The lisp program he wrote is now an integral part of the running of the accounting department simply by accumulation and momentum, with tons of business logic baked in. Where do you look to find a replacement?

With VBA, there's a much higher chance of an accountant being familiar with the language, and a much smaller surface area for what they can do.

execveat|2 years ago

At this point you should just leave this dumpster fire of an organization and find a more reasonable place to work. I can't relate to the people who keep inventing atrocious workarounds ignoring the problem that they work in a hostile work environment.

I work in security and can't relate to banning Python & replacing it with Microsoft crap either.

tinus_hn|2 years ago

So the answer is:

Because it is the only programming language Corporate can’t choose not to install.

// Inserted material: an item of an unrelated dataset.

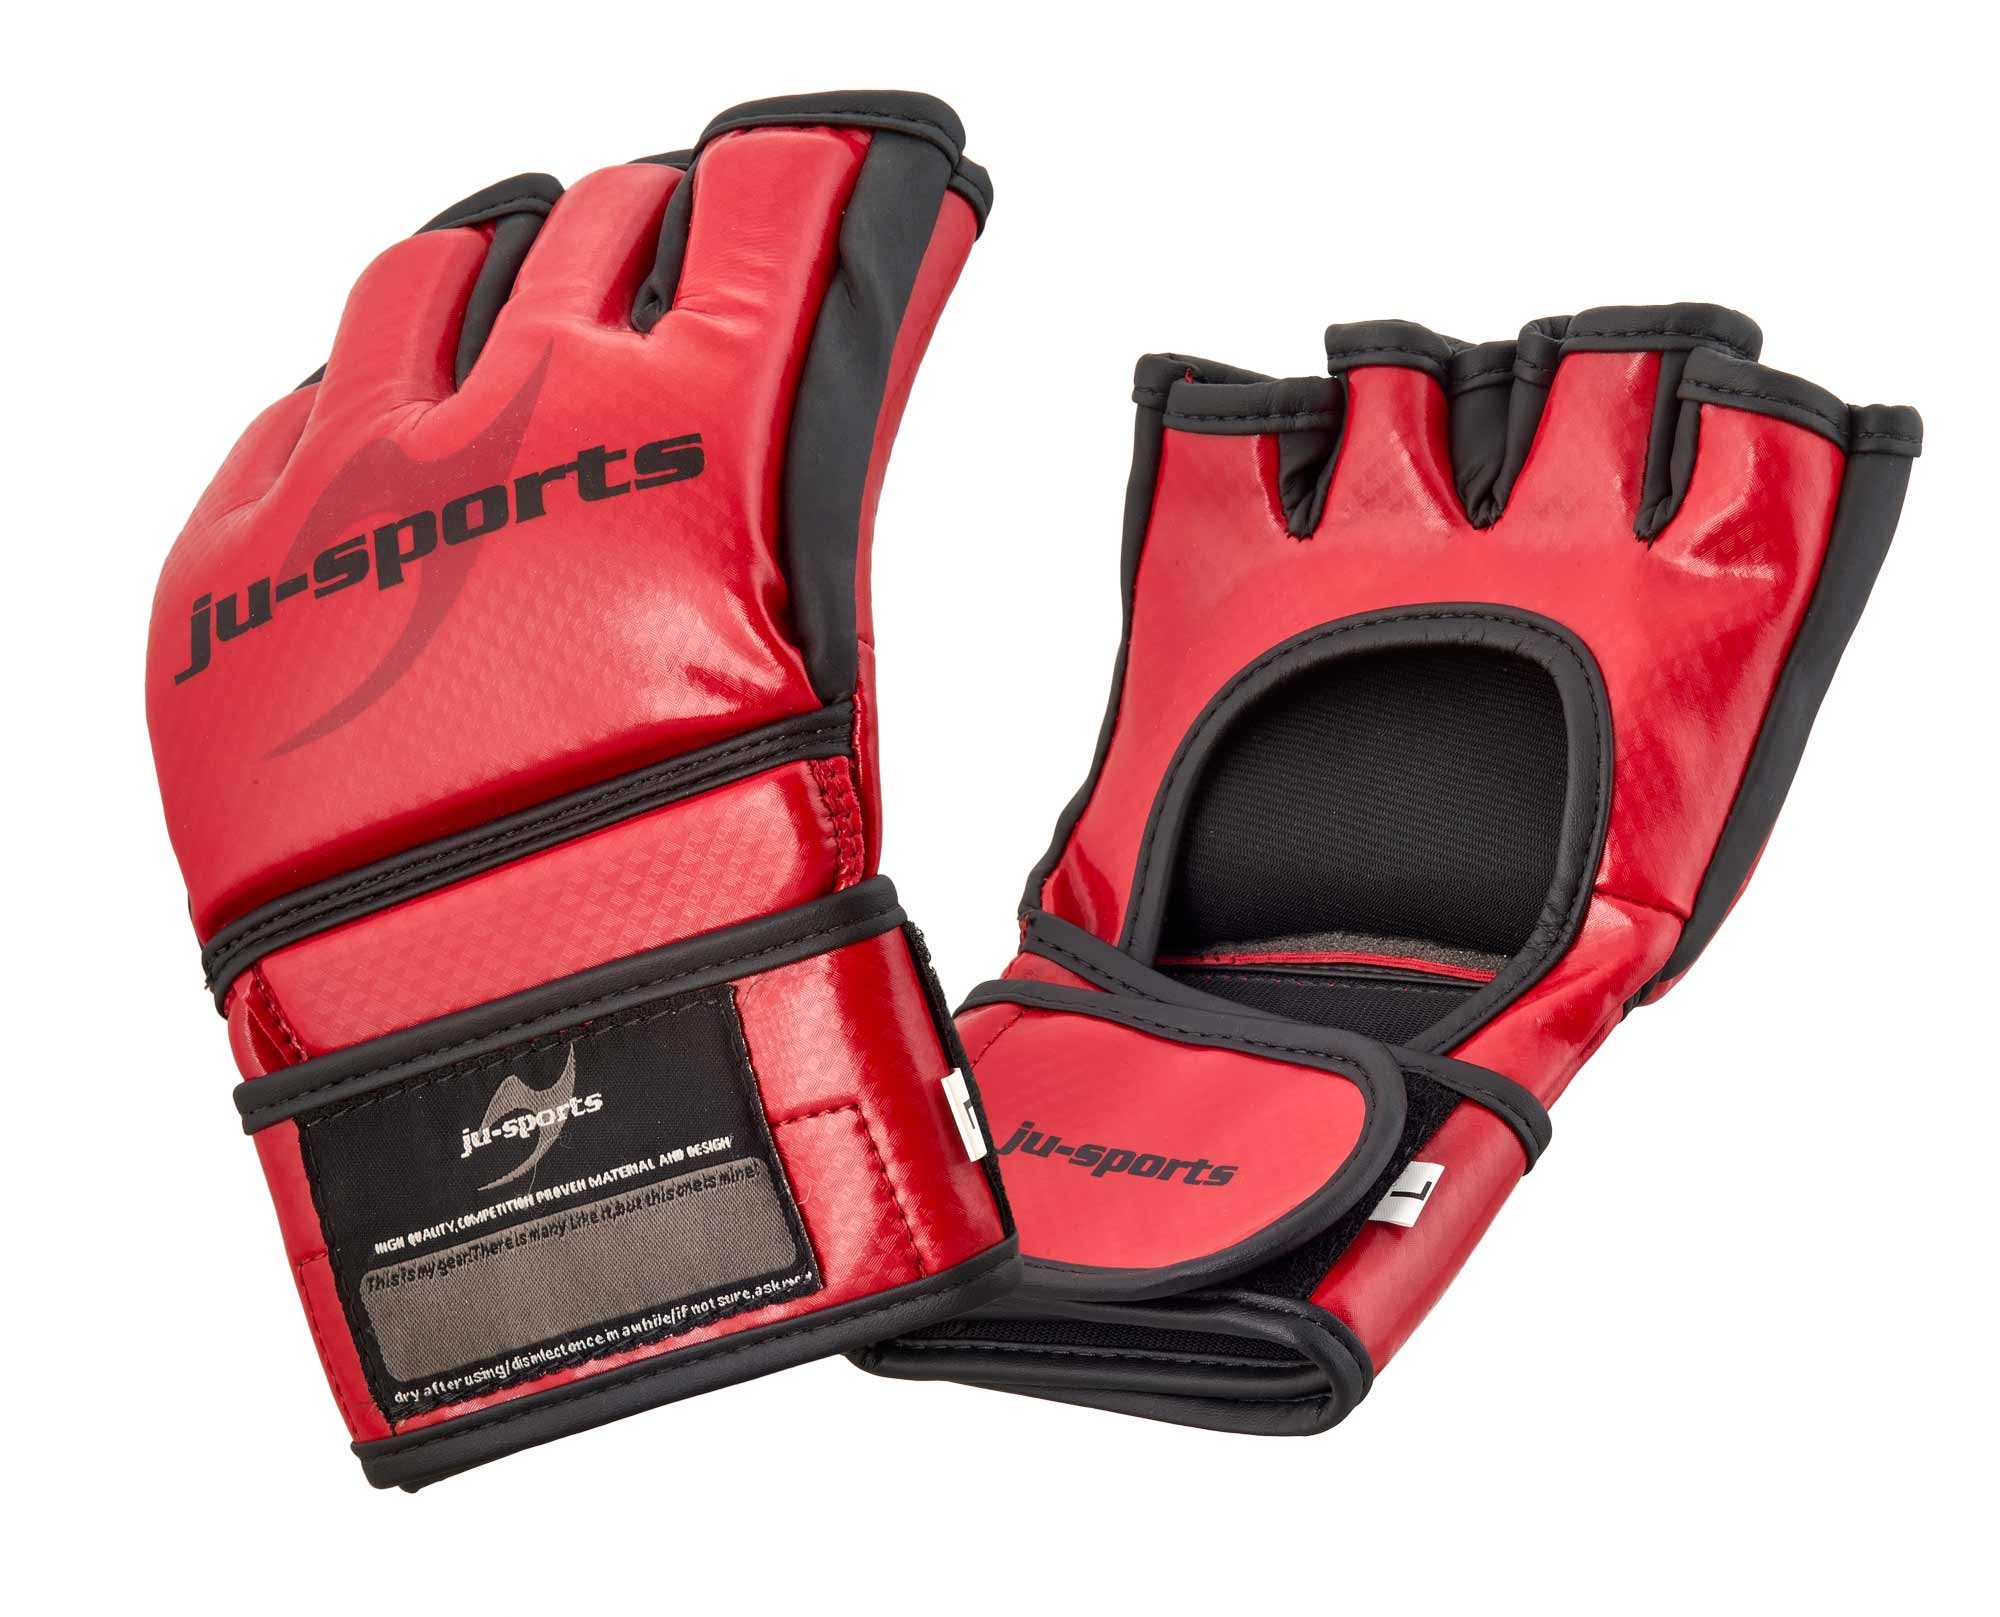 MMA Wettkampf-Handschuh - Competition Pro red ju-sports Carbon

The wonders of ‘Enterprise’, it amazes me when people bring it up as if it’s any kind of advantage or excuse.

MichaelZuo|2 years ago

Huh? The parent clearly points out that it's much less effort and hassle to get an 80% solution.

Who wouldn't want to spend a tiny fraction of the effort to get 80% of the outcome?

TimTheTinker|2 years ago

Someone needs to build a wasm interpreter in VBA.

Then we can write programs in Go/Rust/etc and run them in office or wherever.

VBA is to corporate environments what JavaScript is to the web.

sancarn|2 years ago

Honestly, this is something I've been wanting to do for a while... Last I looked though, I couldn't find many good resources on how WASI (or the byte code) worked... And VBA being single threaded might make things difficult too...

I have already built my own code interpreter in VBA to make Lambda syntax possible: https://github.com/sancarn/stdVBA/blob/master/src/stdLambda.... so I know it's definitely possible, just haven't figured out WASM yet...

4star3star|2 years ago

VBA can call executables, but I can see some places locking things down such that that would not fly.